The SARS-CoV-2 macro domain protein bound to small molecule fragments that could be the basis of novel antiviral drugs.
Scientists have identified key chemical building blocks for an eventual antiviral drug against SARS-CoV-2, the virus that causes COVID-19, according to data newly released by members of the UC San Francisco Quantitative Bioscience Institute Coronavirus Research Group (QCRG), based on research conducted with breakneck speed in collaboration with Lawrence Berkeley National Laboratory (Berkeley Lab) and SLAC National Accelerator Laboratory (SLAC).
The newly identified compounds bind to an enzyme produced by the virus, called the “macro domain,” which is known to be crucial for the virus’s ability to replicate in human cells.
“The SARS-CoV-2 macro domain is not as well understood as the virus’s main protease or the spike proteins that other efforts are going after,” said James Fraser, PhD, an associate professor in the Department of Bioengineering and Therapeutic Sciences, based in the UCSF schools of Pharmacy and Medicine, who led the research effort as part of the UCSF QCRG Structural Biology Consortium. “We wanted to look where others aren’t looking as heavily and have succeeded in identifying some promising candidates to build drugs that could halt the virus’s ability to replicate and spread in the human body.”
Further work is needed to weld these potential active ingredients into a workable drug candidate, but the research represents a promising new frontier in the battle against the virus, the researchers say, particularly given uncertainties about the timing or ultimate efficacy of an eventual vaccine.

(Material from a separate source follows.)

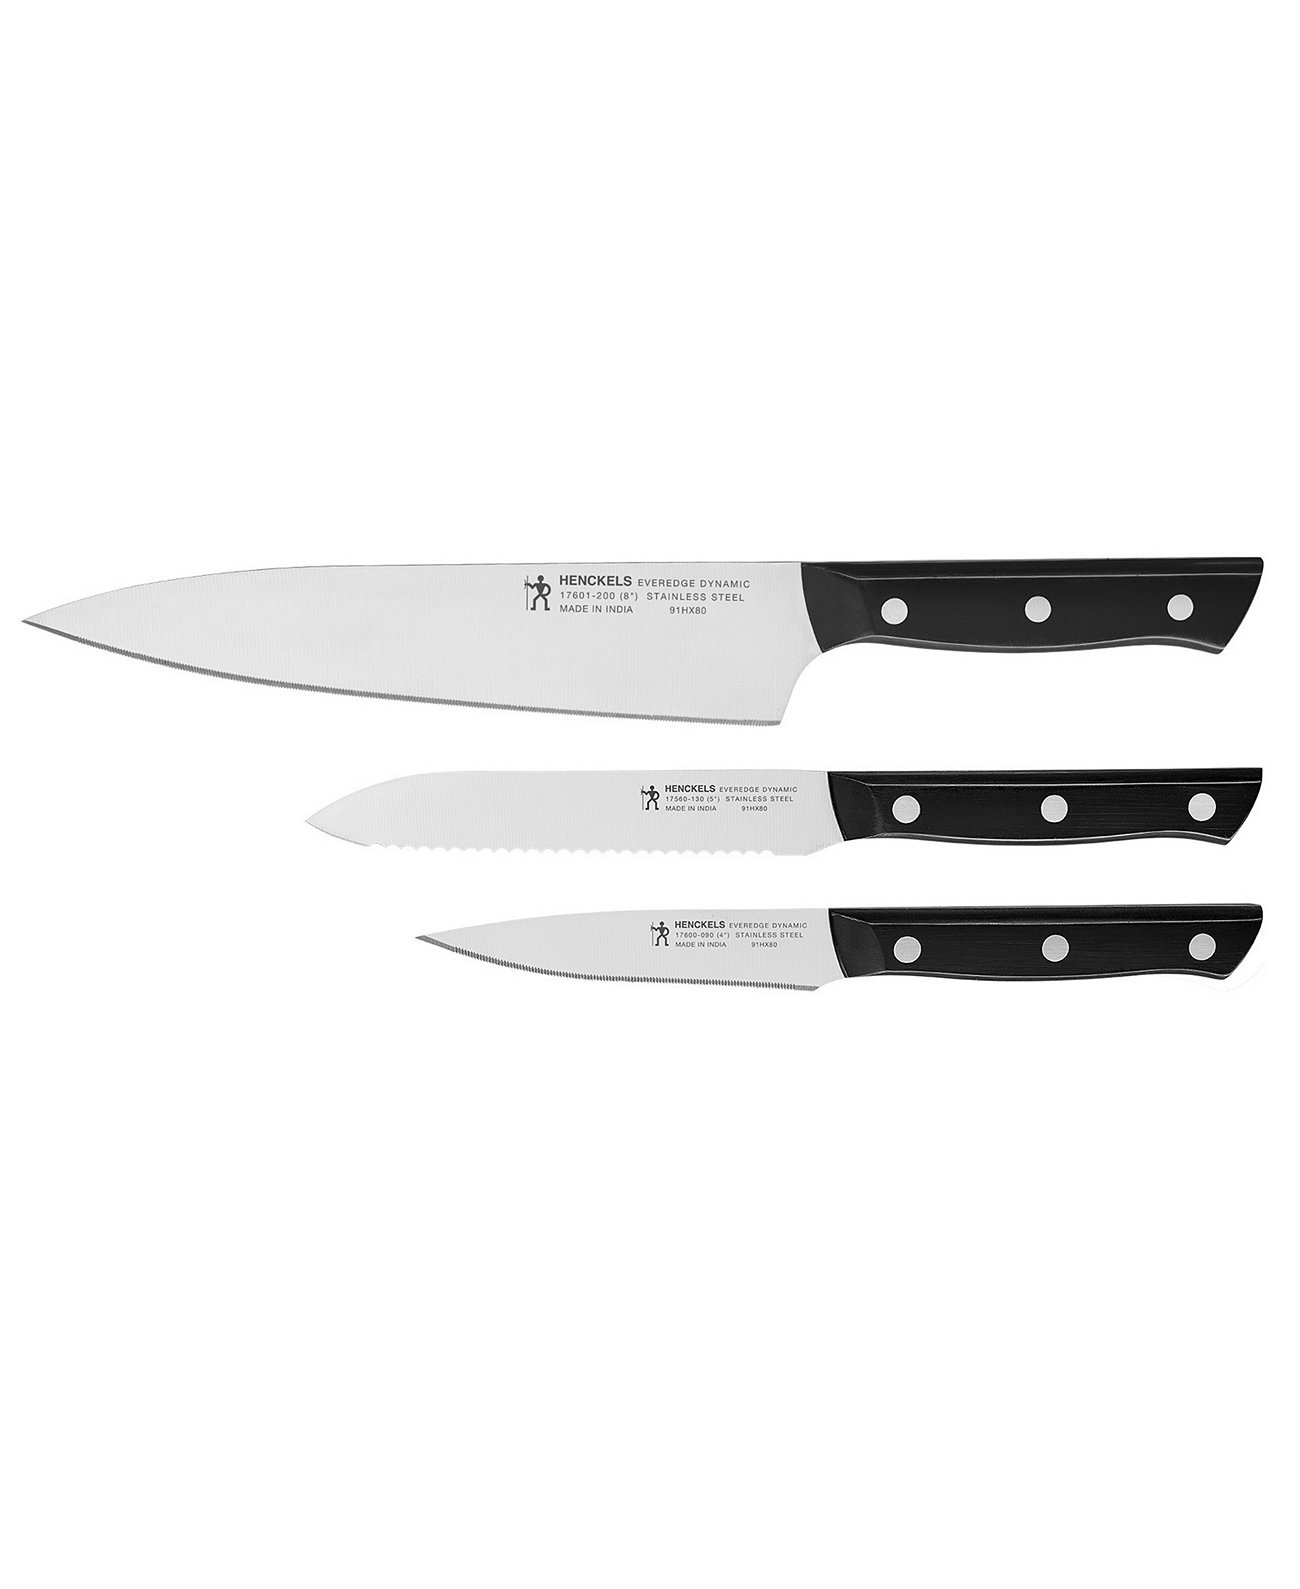 Начальный набор ножей Everedge Dynamic из 3 предметов J.A. Henckels

The authors are writing up a formal manuscript describing the results for submission to a peer-reviewed academic journal, but also published their data directly online on July 1, 2020, to accelerate global efforts to fight the coronavirus pandemic. The open dataset was published in coordination with the Diamond Light Source X-Chem research group and Ivan Ahel’s lab at based at Oxford University, which simultaneously published their own parallel, complementary dataset of macrodomain-bound fragments.
“We’re delighted to openly share this data in coordination with the Diamond Light Source team, whose publication of a structure and fragment analysis of the SARS-CoV-2 main protease earlier this year was a huge step forward in galvanizing the computational chemistry community to develop additional antiviral targets,” Fraser said.
Novel Line of Attack on Coronavirus Biology
The study focused on an aspect of coronavirus biology that has only recently begun to be studied by researchers, including Alan Ashworth, PhD, FRS, president of the UCSF Helen Diller Family Comprehensive Cancer Center and a world leader in research on PARPs, enzymes that play a major role in DNA repair and have been targeted by drugs to treat certain cancers.
“PARPs can also reduce the effects of viral infection by tagging proteins with a molecule called ADP-ribose. As a countermeasure, some viruses – including the SARS family – have evolved macro domains that can remove this tag, re-exposing cells to infection,” Ashworth explained. “We are working to produce a drug to block the macro domain’s ability to remove these protective tags with the aim of reducing the impact of SARS-CoV-2 infection.”